Hawaii: The Hawaii Board of Education rejected a proposal by the state education department to establish a statewide virtual school for students in grades K-12, citing a lack of specificity in how the plan would be implemented.
Illinois: Schools are no longer required to mandate masks for their students, according to a court ruling.
"An Illinois appellate court late Thursday evening dismissed Gov. JB Pritzker’s appeal of a lower court’s ruling which blocked his mask mandate in schools."
Massachusetts: Greater Commonwealth Virtual School remote learning enrollment cap increased to 1,200 students.
New York: Home schooling nearly doubled in NYC since pandemic’s start.
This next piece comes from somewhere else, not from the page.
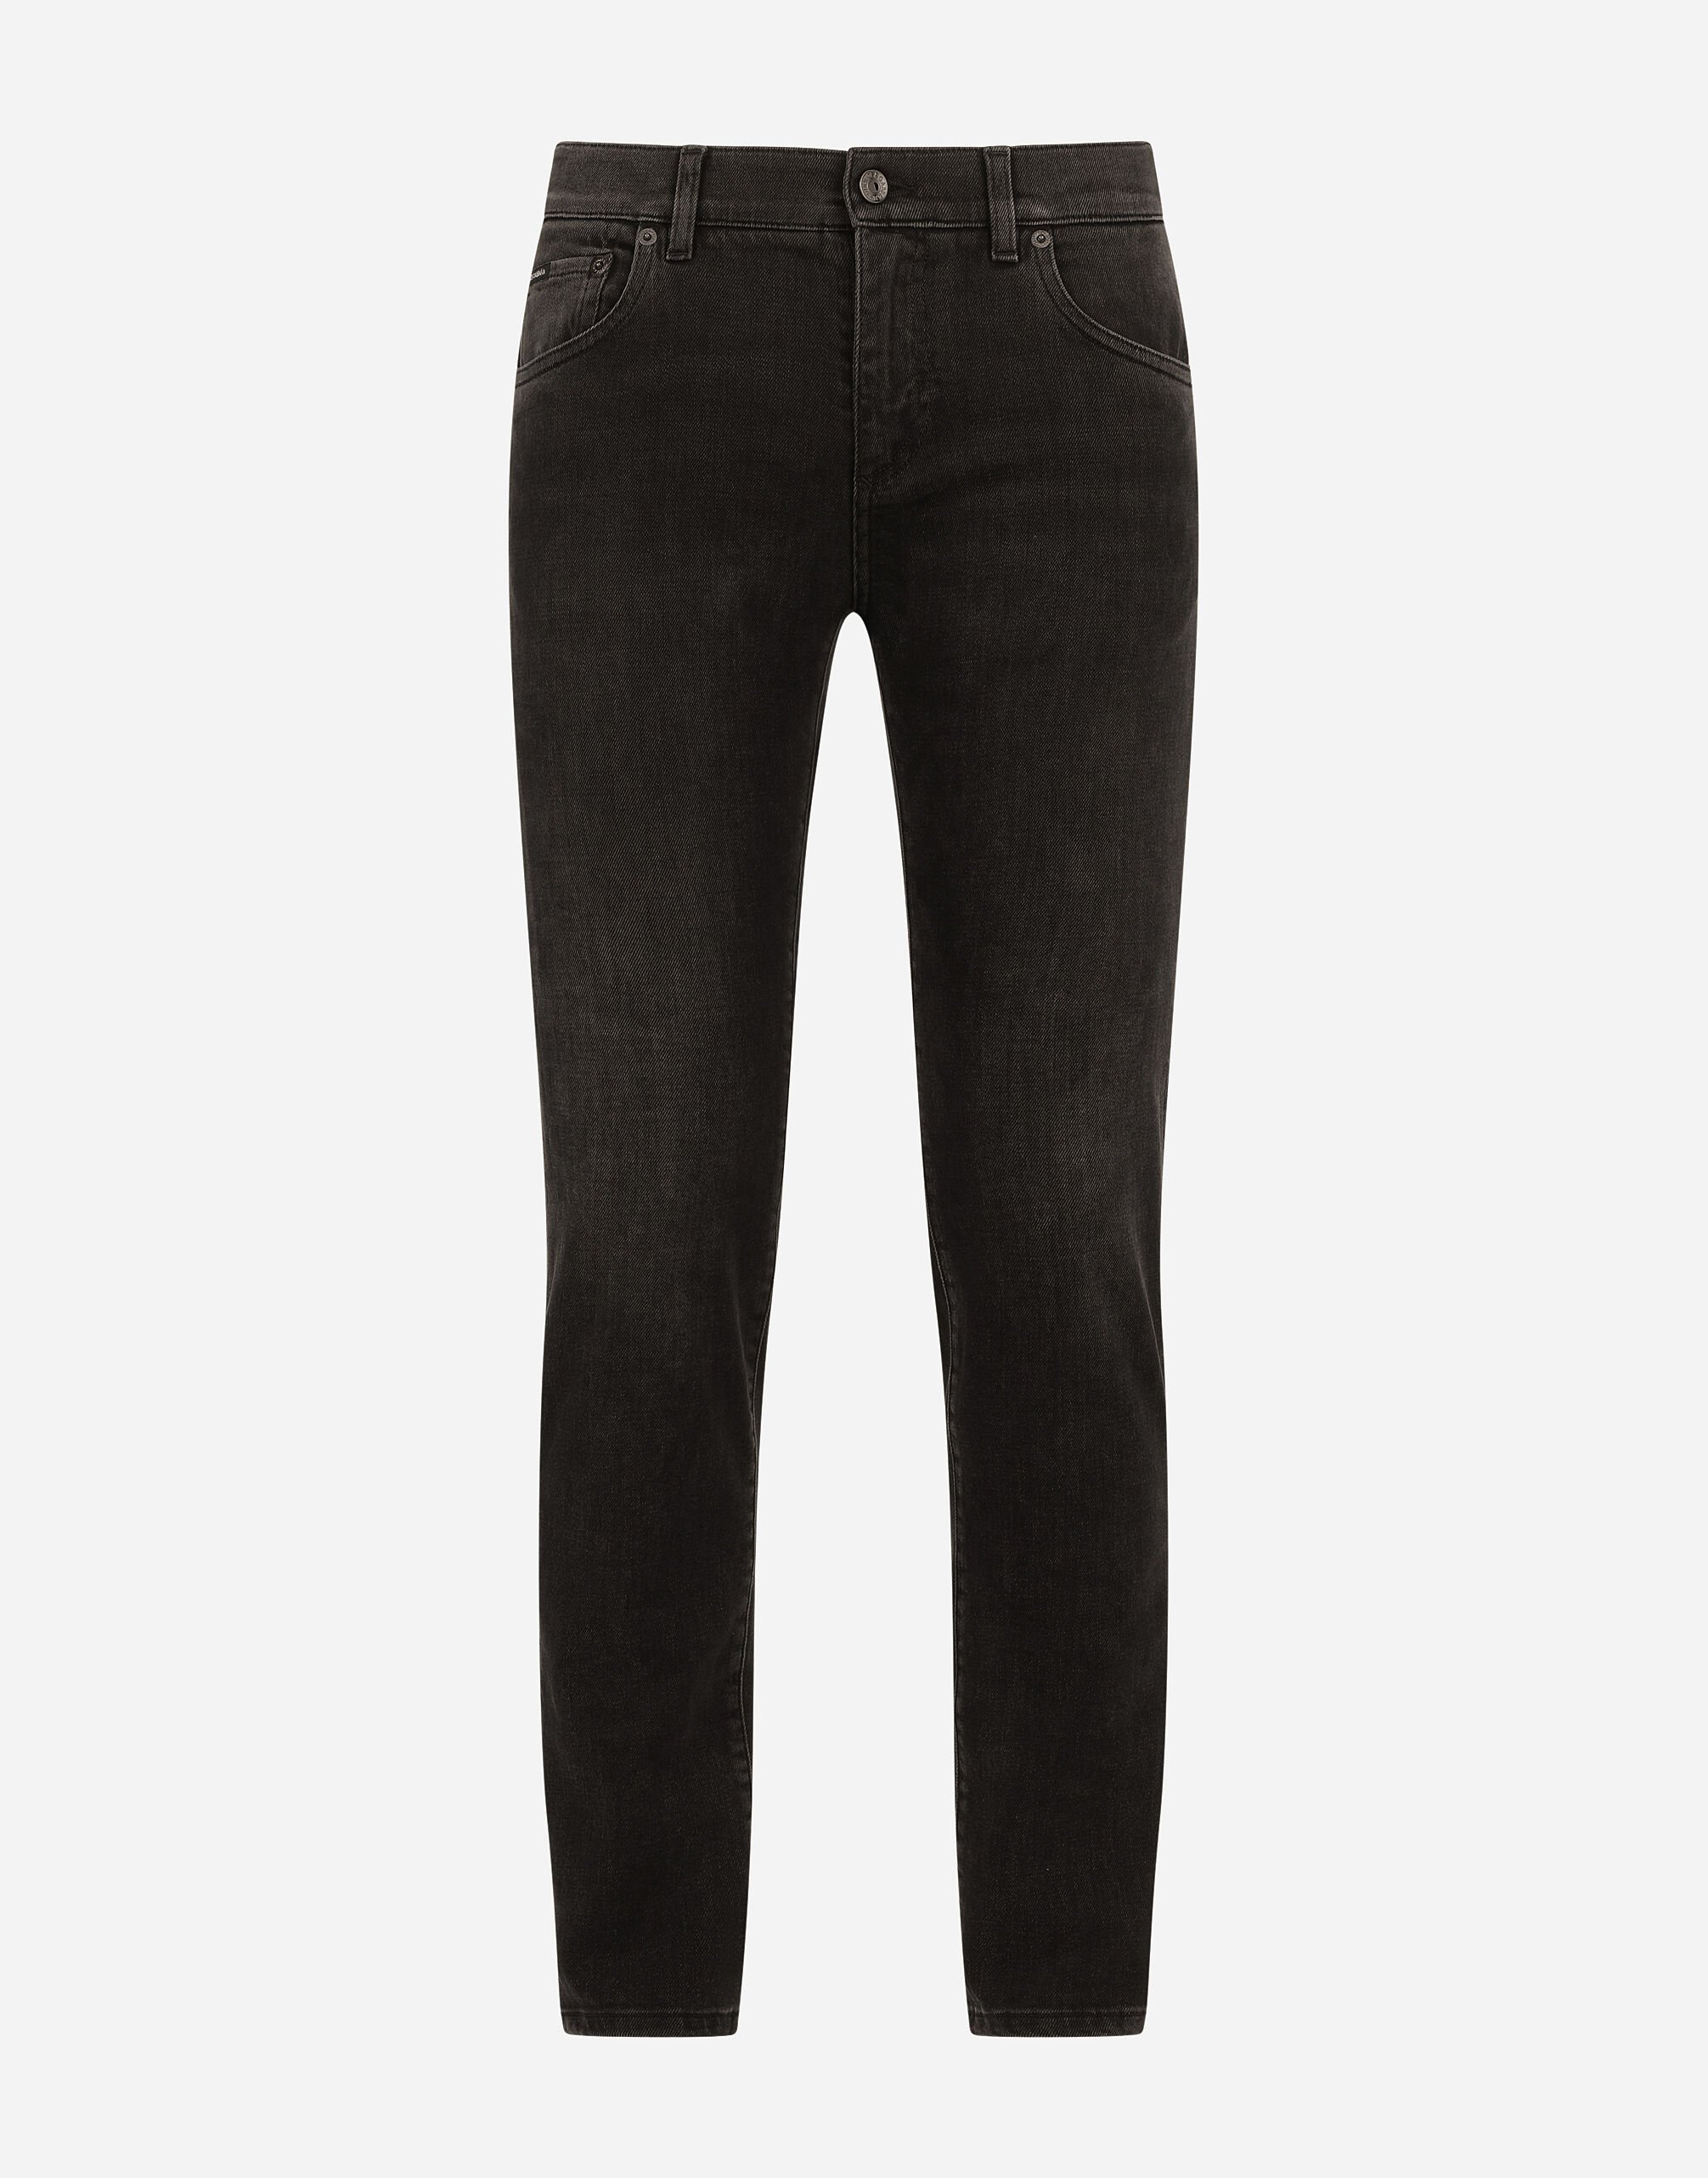 Dolce & Gabbana Black wash skinny stretch jeans Multicolor GY07LDG8HG2

"This school year, roughly 14,800 children across the five boroughs have opted to learn outside of school walls, according to internal education department data obtained by Chalkbeat. That number jumped by nearly 7,000 — or 88% — since the pandemic hit with the biggest gain occurring this school year, as more than 4,000 new students registered to home-school."
Resources
America Is Facing a Great Talent Recession: Adrian Wooldridge in Bloomberg.
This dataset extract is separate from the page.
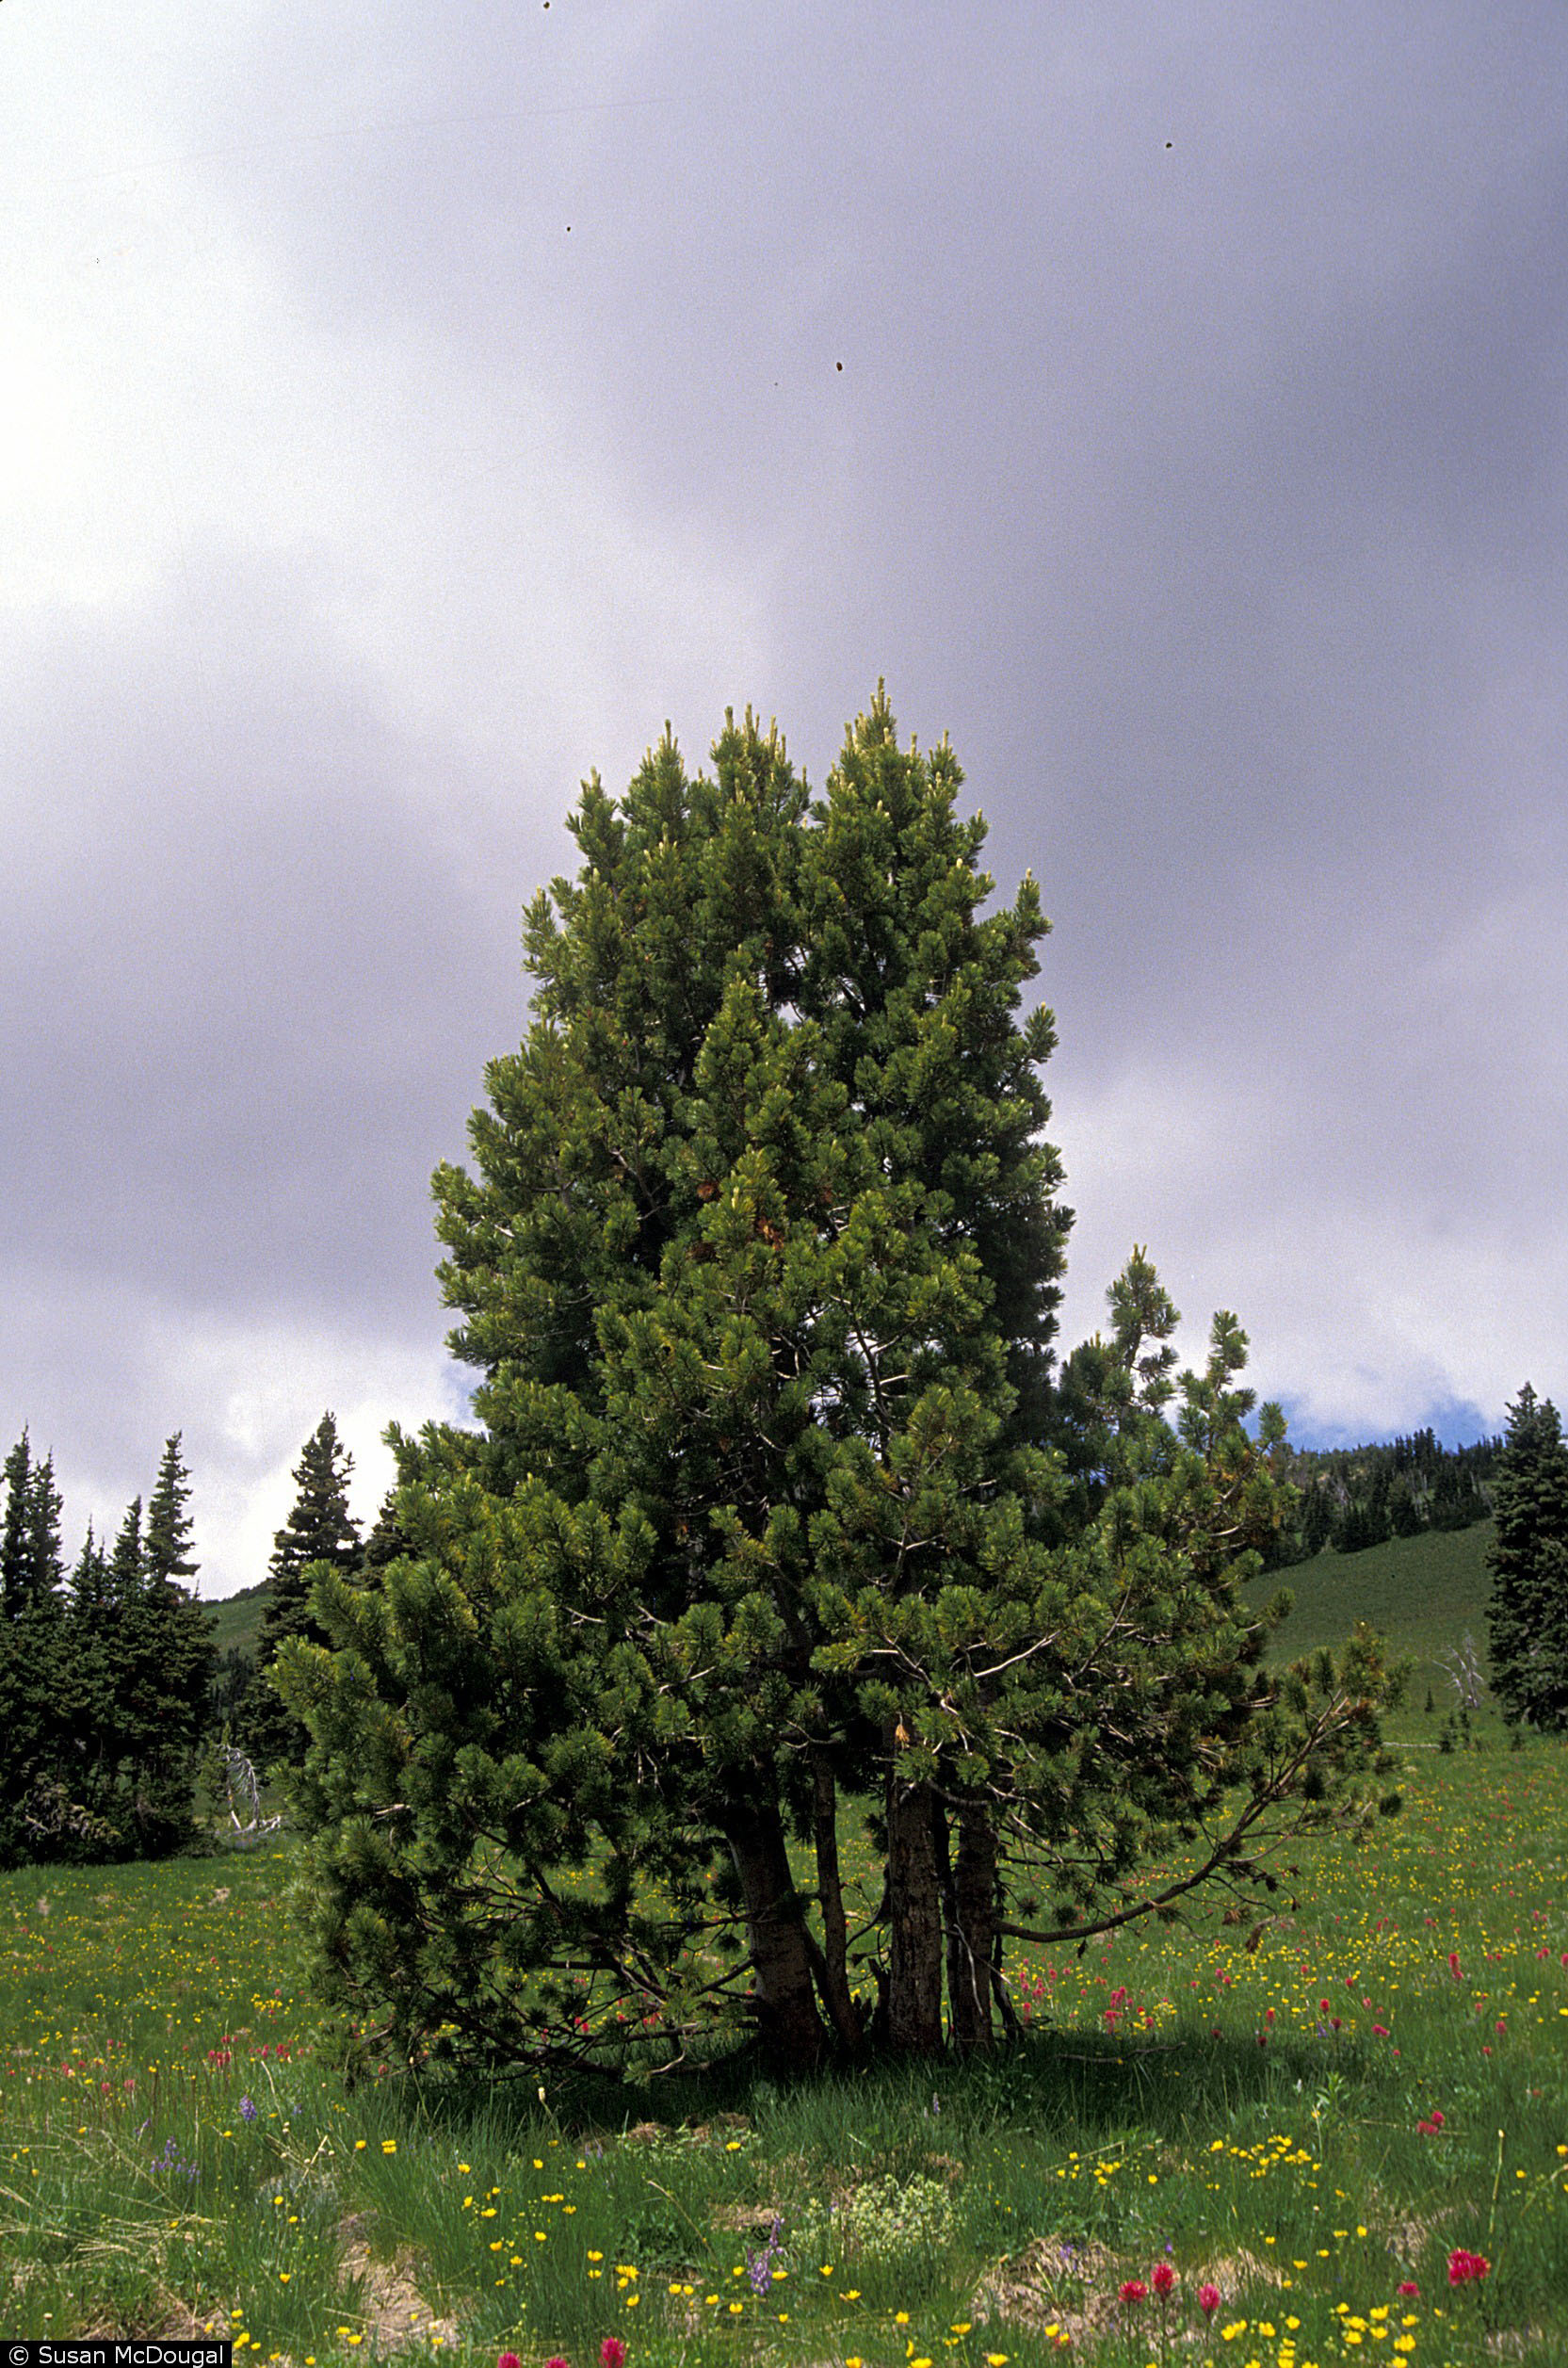 Pinus albicaulis whitebark pine trees

"The Covid pandemic provides both a timely warning and a spur: a warning of what happens to a historically rumbustious economy when workers become scarce, and a spur to fixing America’s long-term talent and labor-supply problems while there is still time."
"America’s triumphant educational story has taken a darker turn. High school graduation rates have stagnated: America is the only member country of the Organization for Economic Cooperation and Development in which the graduation rate for those ages 24 to 34 is no higher than for those ages 55 to 64."
"America faces a growing problem with vocational education — that is, with the training of workers, particularly those who don’t complete four-year college degrees, in job-related skills. People who leave school at 16 can’t access a clear, well-designed training system as exists in many European countries. And if they are lucky enough to get a job, they don’t have access to continuing education: Whereas you could once be promoted from the shop floor to, eventually, the executive suite, almost all the top jobs now go to people with college degrees."
"Germany’s system provides a successful alternative to the U.S.’s college-first model: technical schools that enjoy “parity of esteem” with academic schools, and apprenticeships that give young people a chance to earn a living (and avoid accumulating debt) while at the same time learning a useful trade. Far from ignoring general principles, Germany’s vocational education provides a different way of teaching them, starting with the particular and working to the general — an approach that appeals to many practical-minded young people."
"This one-size-fits-all tradition is actually not very good at promoting its stated aim of equality."
"Parents of the middle class and higher can do everything in their power to stretch their (sometimes talented) children to the maximum — algebra classes in the evening, academic summer camps, weekend violin lessons... Though the one-size-fits-all approach might have been well-suited to the age of mass production and identikit managers, it is incompatible with one in which high ability drives a disproportionate amount of economic growth."
COVID is Forcing K-12 Schools to Rethink Testing: Via The Hill.
February Sucks: This local reporter keeps going viral for breaking that news. Video here.
"At one point, Killeen stands atop a parking garage in St Louis, gesturing at the dark office buildings behind him and says, “Something great happened here but it’s over with.”
Pointing to some trees: “It’s as if there is some awful truth out there in the trees. It’s hiding in the branches. Look at them. Something that’s been bothering you for a long time is out there. What is it? You can almost see the shape of it when all the color is gone and life is stripped down to the starkness of February."
"To hide the bleakness of February man invented Valentine's Day and Mardi Gras."
"But then February answered back with Ash Wednesday. What other month could host a holiday to remind us that we're going to die?"
"That's February for you. It's bleak. It's honest. And it just tells you the way it is."